California,
Nicely put. I agree with what your are saying but I feel that the comments are a little general. From an economic stand point, Japanese, Korea and China are not playing fair in our market. By manipulating their currency, it allows them an unfair advantage in our market place.
I do agree with your comments on GM legecy costs. (the negotiators of the old union contracts just pushed the buck to the later generations.)
The point the article made to me is the US market is only so big, and by buying goods made by foreign companies, in the US, is not really helping the US. Be it cars or toys etc. Auto's are what makes the front page.

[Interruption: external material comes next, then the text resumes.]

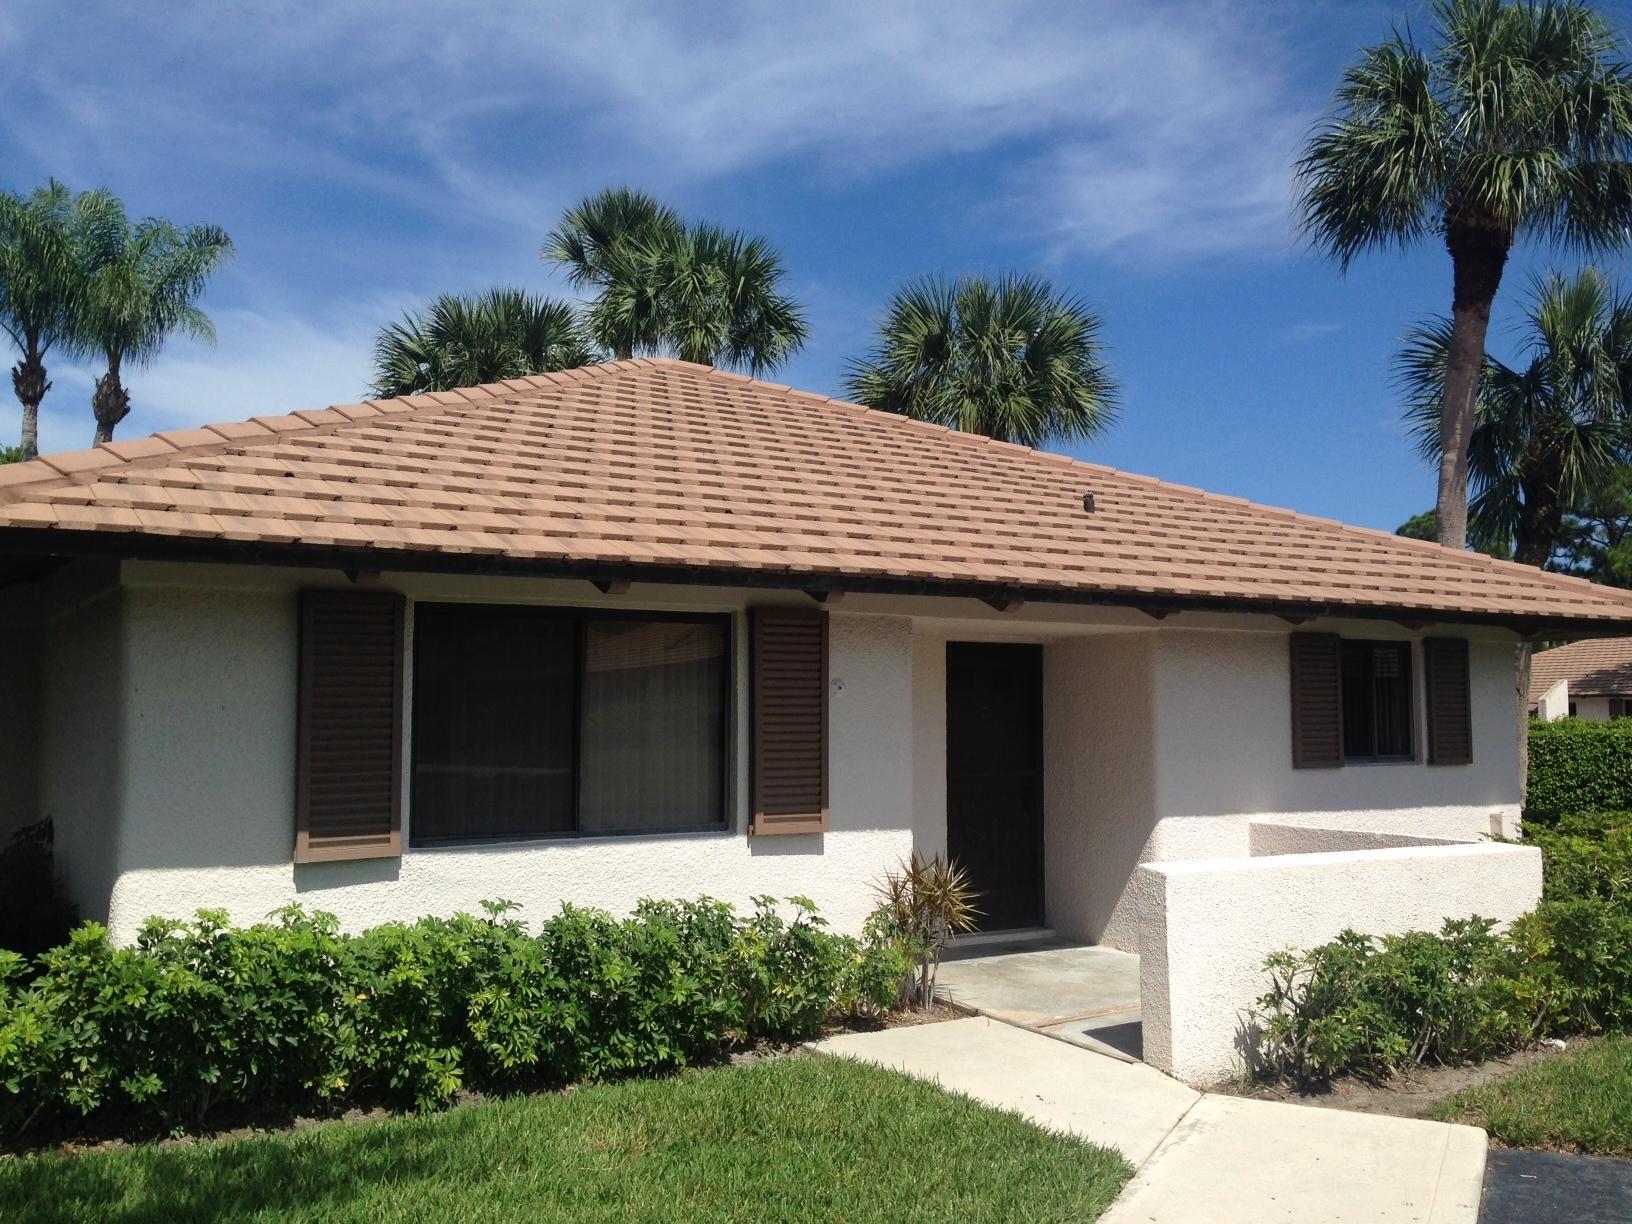 835 Club Drive, Palm Beach Gardens, Florida 33418, 2 Bedrooms Bedrooms, ,2 BathroomsBathrooms,F,Villa,Club,RX-10575076

Owning an industrial engineering firm that design builds and installs machines for industry, I am faced with this on a weekly basis. I live in Ohio, there is a Honda car plant, motorcycle plant, the Anna engine plant (the largest engine manufacturing plant in the world) and about 150-250 suppliers for these Honda facilities. Having been in business long before the Honda plants were even here, Guess how many engineering jobs I have gotten from any of the plants? If you guessed ZERO you would be correct. It is a small world I live in business wise, and my competitors have had as much success as I have at doing work with them.
You know who gets the work? There is an industrial park that houses some Japanese industrial engineers....They do all of it. To top it off, they buy Japanese parts (pnuematic cylinders, valves, controls etc) to put on the machines. Where do they get parts? From a Japanese parts house, that imports it from Japan. I was in plant this week looking at a safety guard for a new press. This plant does metal stamping for Honda. Where were the presses from? Japan. In fact every peice of equipment in the plant has been brought over from Japan. Care to guess where the dies are made that they use to form the parts? Sony computers, Panasonic TV's in the break room, I could go on...
Me? 99% of the products we represent and use on a daily basis are made in Chicago, Bimba air cylinders, Barrington Automation, Wilkerson FRLs, Parker, etc. All made here.
The article just hits close to home for me. I am not complaining about business, it is very good and I have been fortunate. But, this week, we had 2 plants close that we have done business with every year for the last 15 years..Keystone Powedered Metal (auto related components) and Lancaster Glass......
Darren
Last edited by Fluid Power; 03-23-2007 at 11:29 AM.